Robert Steinbach, spokesman for the Los Angeles Department of Building and Safety, said the old concrete buildings are of great concern to the city’s structural engineers -- as are so-called soft-first-story buildings, in which concrete or wood pillars hold up an open first floor, with additional levels above.
Both the city and county of Los Angeles have developed guidelines for property owners who wish to reinforce the structures. The guidelines are voluntary unless a building is substantially remodeled.
At the state level, regulators have required many hospitals made of non-ductile concrete to be retrofitted, but fear of a backlash from owners has kept most legislators from pushing similar measures for office buildings and schools, said Dan Shapiro, a structural engineer on the California Seismic Safety Commission, and the panel’s former chairman.
“There’s a general hesitation about any kind of retroactive code requirement that requires owners of buildings to spend a great deal of money,” Shapiro said.
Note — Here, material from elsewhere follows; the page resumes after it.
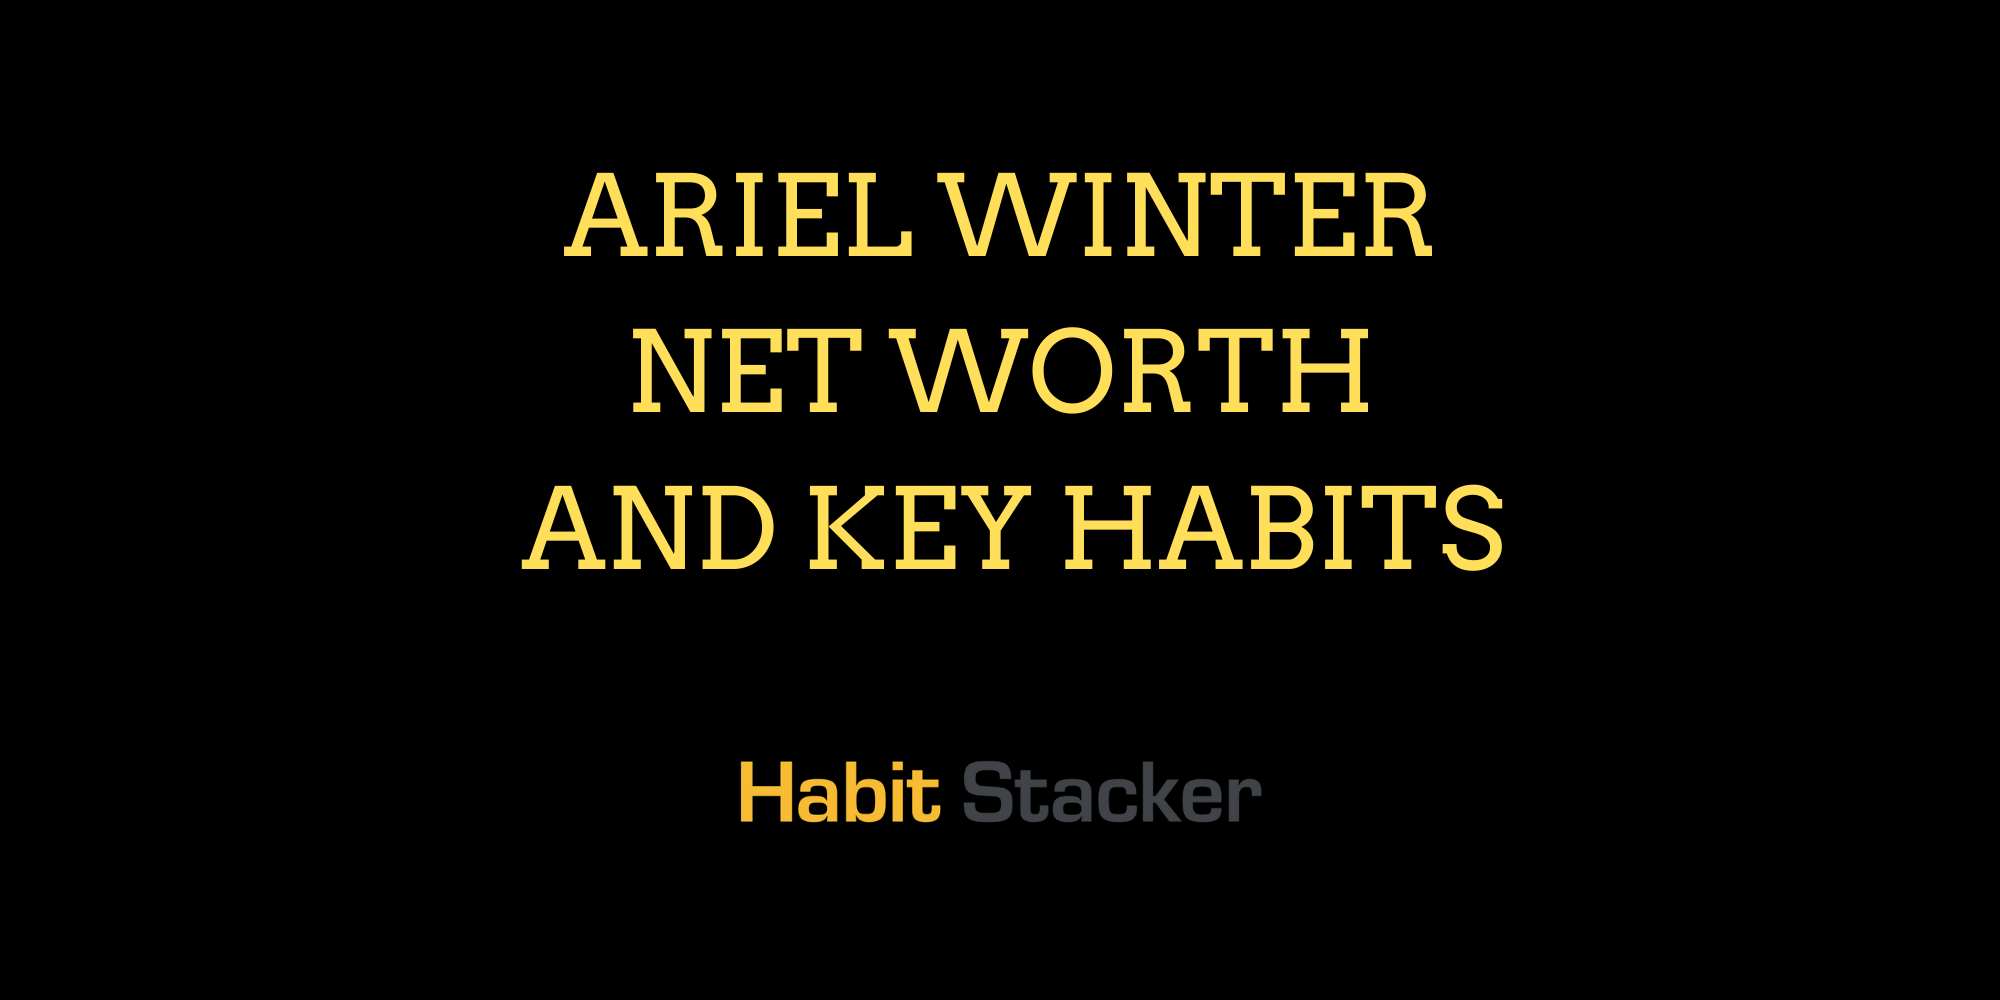 Ariel Winter Net Worth And Key Habits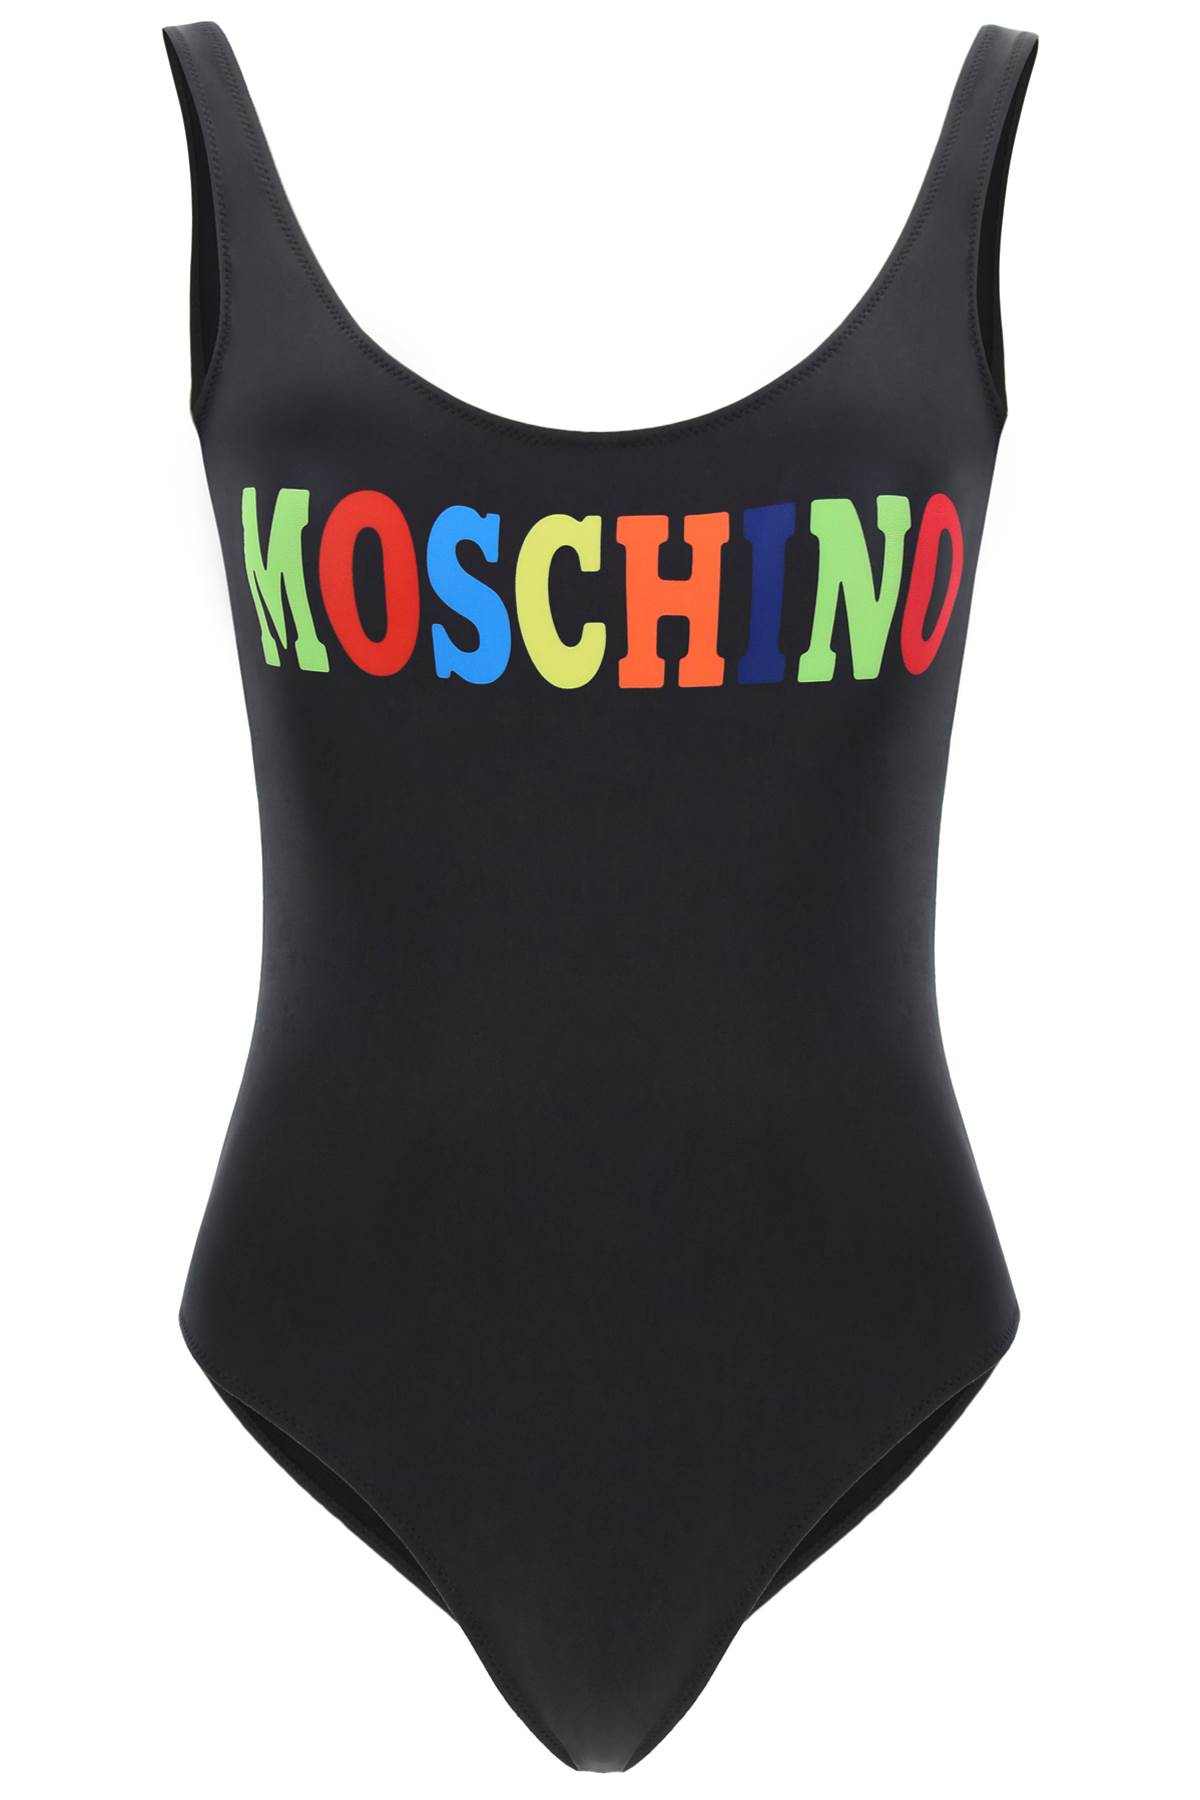 Moschino Multicoloured Logo Swimsuit

“I think it should be required.... It’s a danger to life.”
The Office of State Architect did examine public school buildings to see which ones were made of non-ductile concrete, but officials are releasing the information only to individual school districts, and only if they request it. The information is not being released to the public.
L.A. Unified is one of just 70 of the state’s 1,400 districts that have asked for the addresses of education buildings made of non-ductile concrete, according to the California Seismic Safety Commission.
In a worst-case scenario, if all of the district’s buildings needed to be replaced, the cost would be about $1 billion, said Richard Luke, who is in charge of building design standards for the LAUSD.
But Luke said the district has not yet begun assessing the buildings to see whether they are stable. Nor has it made plans to retrofit them.
A number of L.A. school buildings were retrofitted after the Northridge quake, at a cost of about $22 million, but district officials have not yet checked to see if any of them were on the state’s list of non-ductile concrete schools, Luke said.
“I haven’t been able to assign somebody to take those two lists and line them up,” said Luke. He said he hoped to do so within the next year.
John Kelly, a structural engineer who is deputy director of the Los Angeles County Department of Public Works, said non-ductile concrete buildings should either be retrofitted or “put out of service.”
“The opposition is very strong, and they’re hard to convince,” Kelly said.
“Just like the many people in New Orleans who were hard to convince that the levees should have been upgraded -- until disaster struck.”